From fd8ac19a8081109ade0c29d90dc67bbf2d736ae8 Mon Sep 17 00:00:00 2001
From: Alex Snaps <alex@wcgw.dev>
Date: Mon, 28 Nov 2022 14:07:36 -0500
Subject: [PATCH] Kuadrant CR policy support proposal

---
 rfcs/0000-kuadrant_crd.md | 164 ++++++++++++++++++++++++++++++++++++++
 1 file changed, 164 insertions(+)
 create mode 100644 rfcs/0000-kuadrant_crd.md

diff --git a/rfcs/0000-kuadrant_crd.md b/rfcs/0000-kuadrant_crd.md
new file mode 100644
index 00000000..63f12a54
--- /dev/null
+++ b/rfcs/0000-kuadrant_crd.md
@@ -0,0 +1,164 @@
+# RFC Template
+
+- Feature Name: Control Policy management at the Kuadrant CR level
+- Start Date: 2022-11-15
+- RFC PR: [Kuadrant/architecture#0000](https://github.com/Kuadrant/architecture/pull/0000)
+- Issue tracking: [Kuadrant/architecture#0000](https://github.com/Kuadrant/architecture/issues/0000)
+
+# Summary
+[summary]: #summary
+
+Not every use cases requires, or even would want to permit usage of all of Kuadrant's capabilities to
+be enabled on the target cluster.

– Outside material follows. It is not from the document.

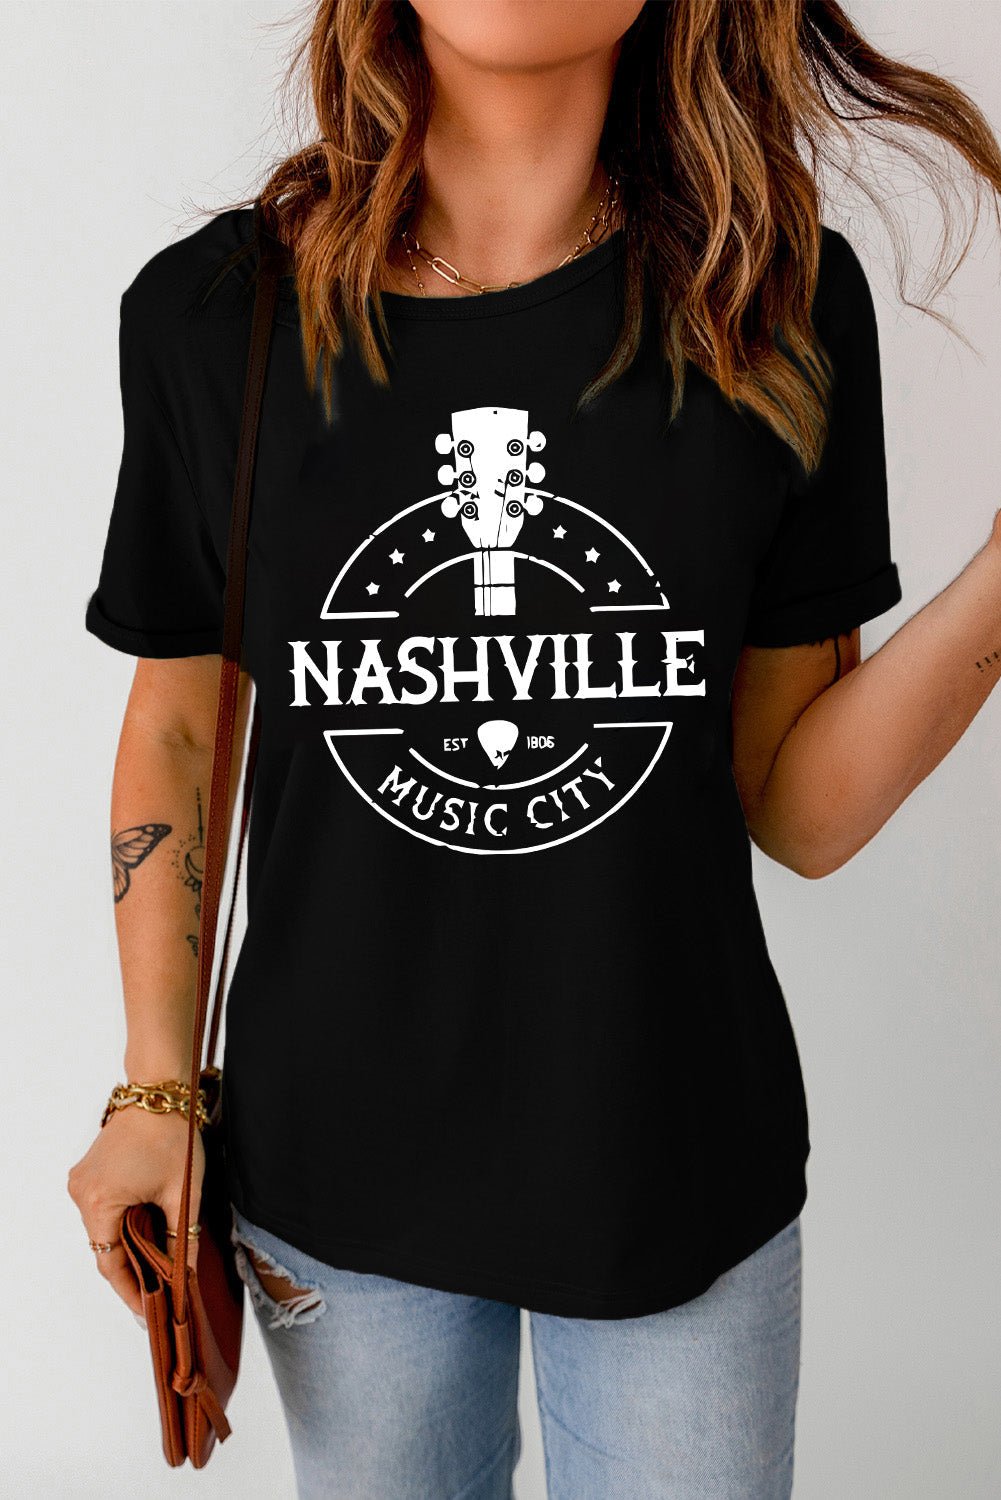 Captivate Your Heart with the Western Nashville Music City Cuffed Graphic Tee Shirt - Embrace the Beauty of Nashville's Western Culture and Experience Sublime Comfort All Day Long. - Guy Christopher

This proposal aims at giving users control, through the `kuadrant`
+custom resource, of what gets enabled on the cluster when deploying Kuadrant.
+
+# Motivation
+[motivation]: #motivation
+
+The rational behind this proposal is that not every deployment requires all of Kuadrant features to be
+supported; currently `RateLimitPolicy` and `AuthPolicy`. There is no reason to impose the workload to
+run on the cluster if it isn't need, but there might be more reasons why explicitly disabling one
+feature might be desirable: disabling the users to actually apply one or the other policy to their
+traffic. Authorization for instance could always be implemented at the application level as per the
+organization desire, while rate limiting is achieved through `RateLimitPolicy` attached to the network
+resources. Just as the opposite situation might be applicable to an organization that wants to do
+authn/z by leveraging Kuadrant, but have no use cases for rate limiting.
+
+This proposal aims not only at defining a way to disable one of these features at deploy time, but
+also clarify what the behavior would be when such a state transitions while some policy are already
+existent; what the user experience would be when trying to apply a policy that's been explicitly
+disabled by the cluster administrator when Kuadrant was installed.
+
+# Guide-level explanation
+[guide-level-explanation]: #guide-level-explanation
+
+When applying the `Kuadrant` resource to the cluster for the first time, you have the option to
+disable the support for a policy by specifying the following in the `spec` of the resource:
+
+```yaml
+authentication:
+  policy: disabled
+rateLimiting:
+  policy: disabled
+```
+
+The `policy` key of either of the service, `authentication` and `rateLimiting`, defaults to `enabled`.
+That value can be specified as `disabled`. The behavior on both services is consistent: it disables
+the support for the policy backed by the service, i.e. `AuthPolicy` and `RateLimitPolicy`
+respectively.
+
+When disabling `RateLimitPolicy`, Kuadrant will not create the `Limitador` object used by the
+`limitador-operator`. Disabling the `AuthPolicy` yields the same result for the `Authorino` object.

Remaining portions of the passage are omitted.